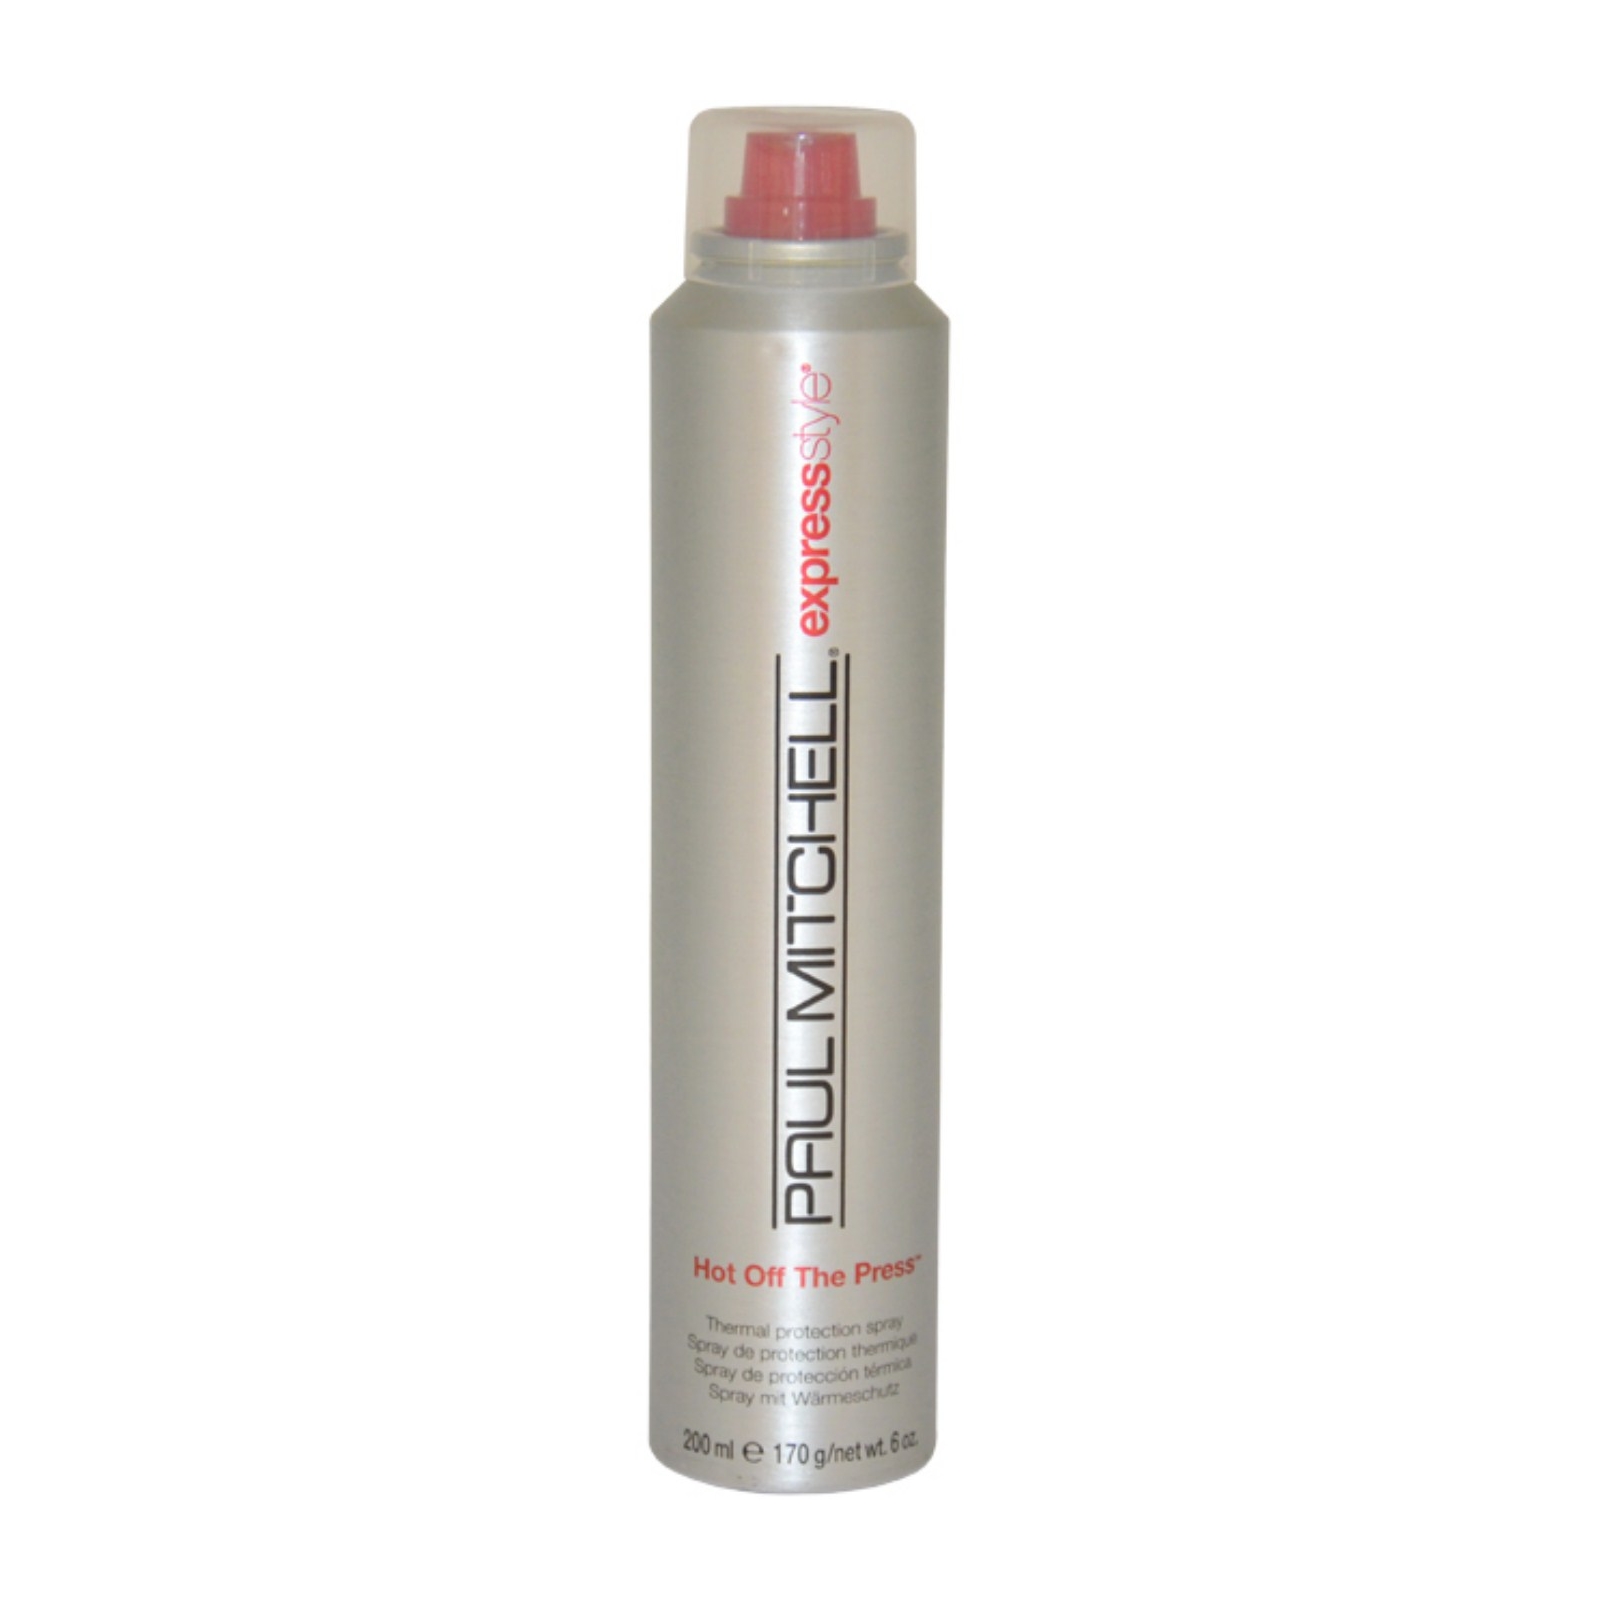 Paul Mitchell Hot Off The Press- Thermal Protection Spray by for Unisex
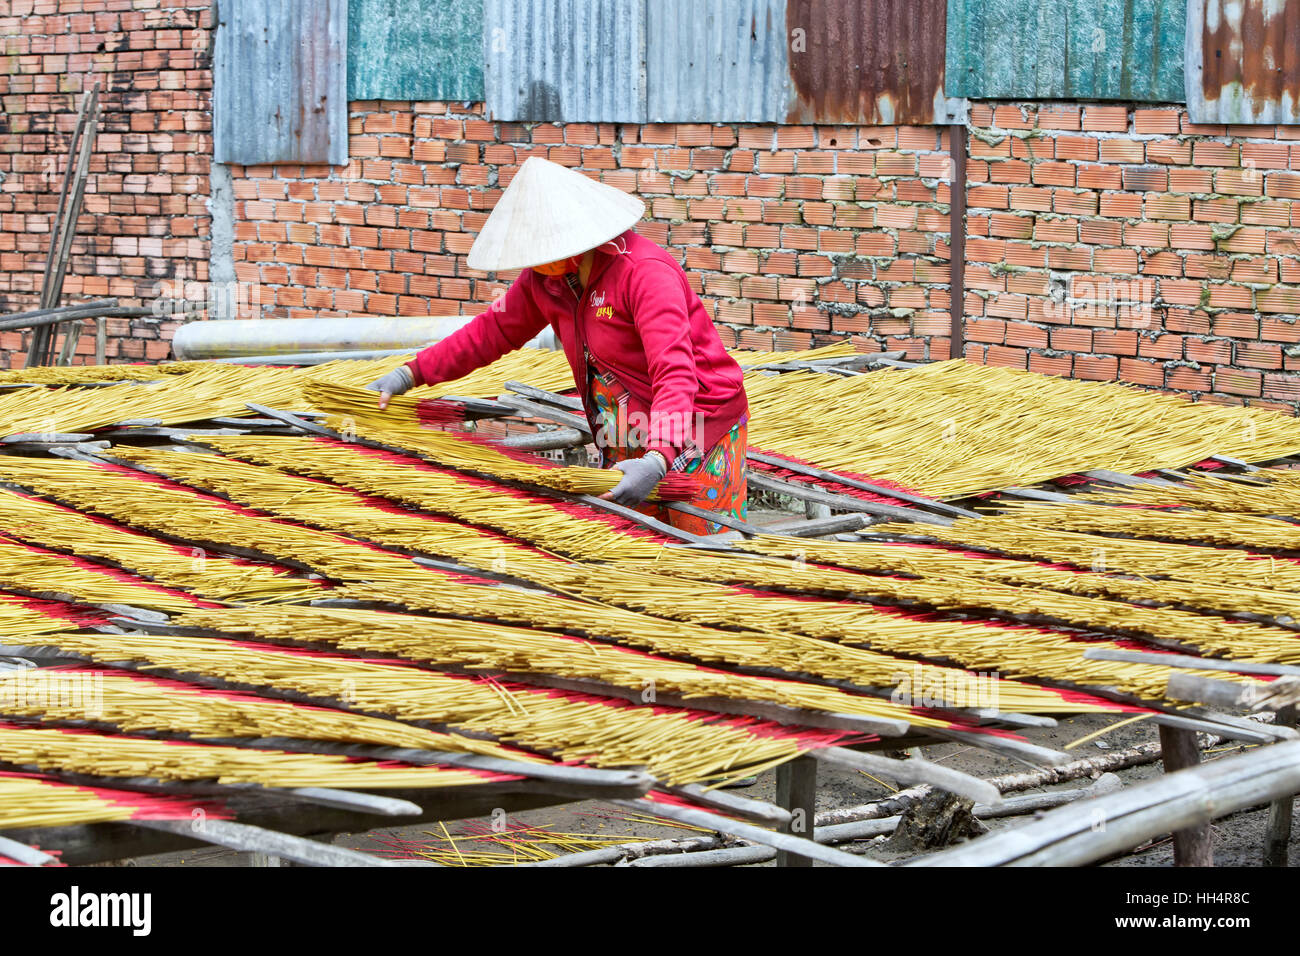 Worker distributing incense sticks for drying. Stock Photo
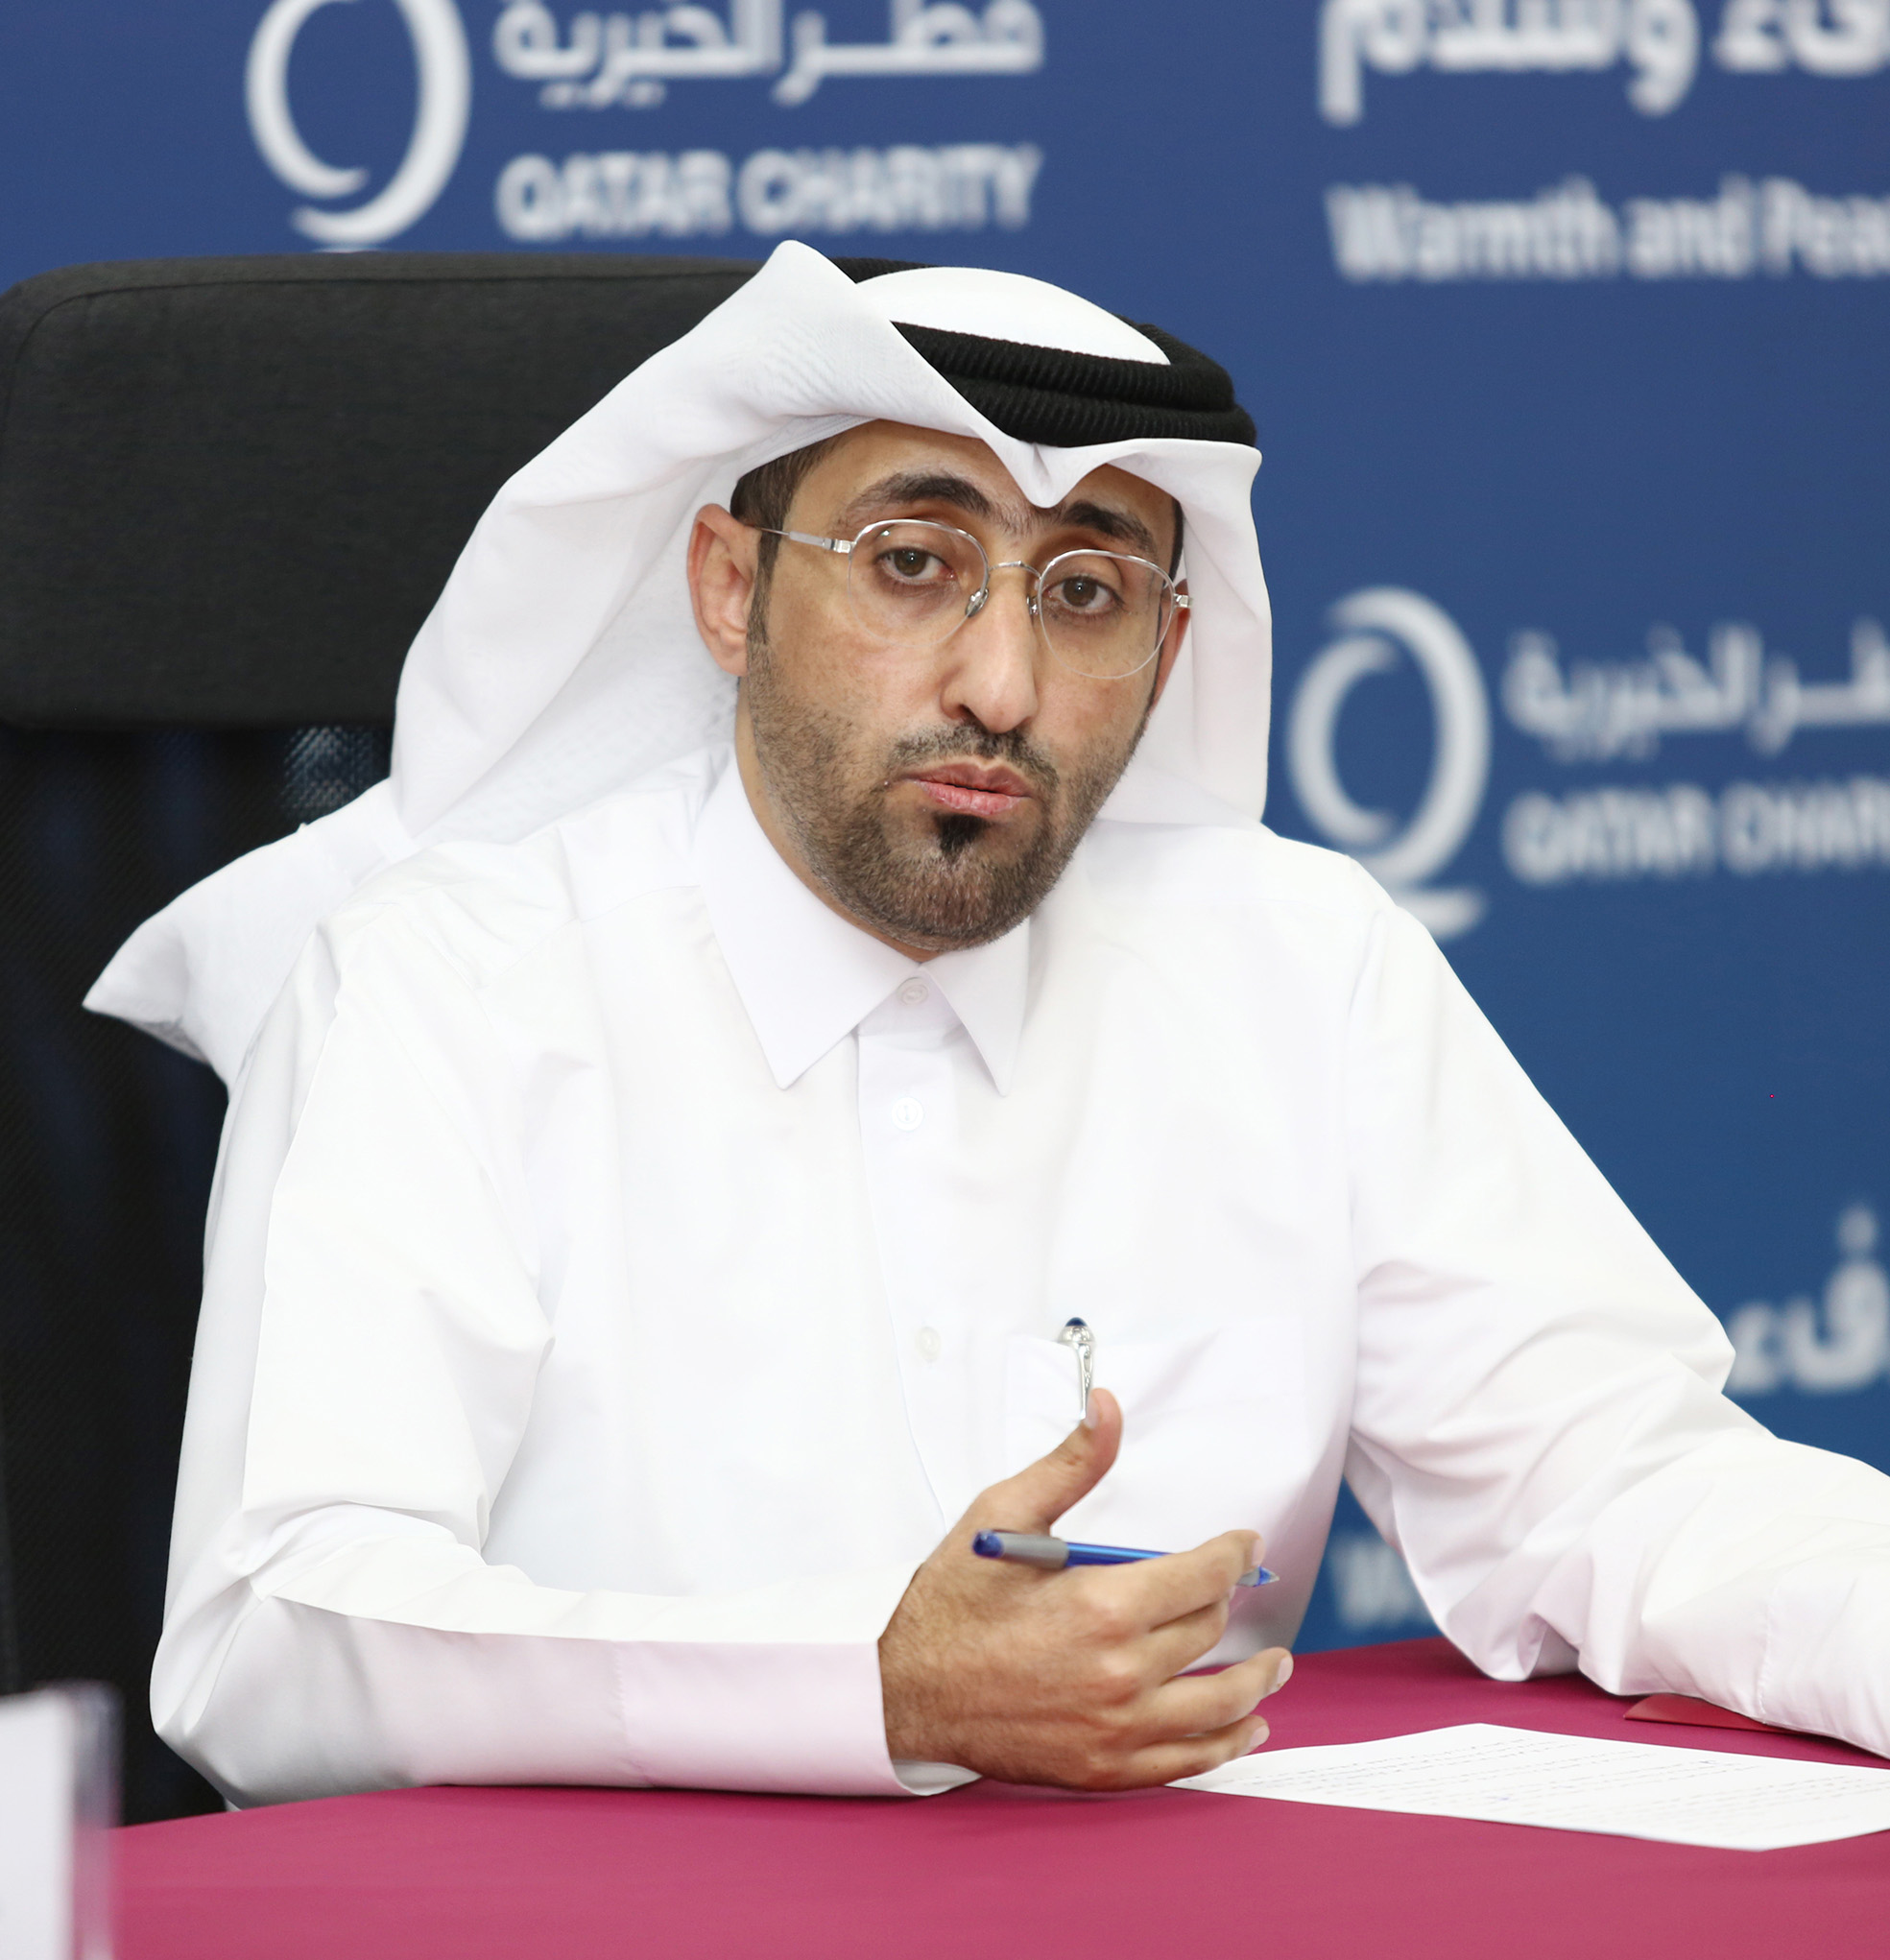 Mr. Khalid Abdulla Alyafei, Director of the Emergency and Relief Department at Qatar Charity

## Work instructions
The whole listing above, word for word: repeat it with the pictures excluded.

## Solution to this task
 Paul Mitchell Hot Off The Press- Thermal Protection Spray by for Unisex
 Worker distributing incense sticks for drying. Stock Photo
 Mr. Khalid Abdulla Alyafei, Director of the Emergency and Relief Department at Qatar Charity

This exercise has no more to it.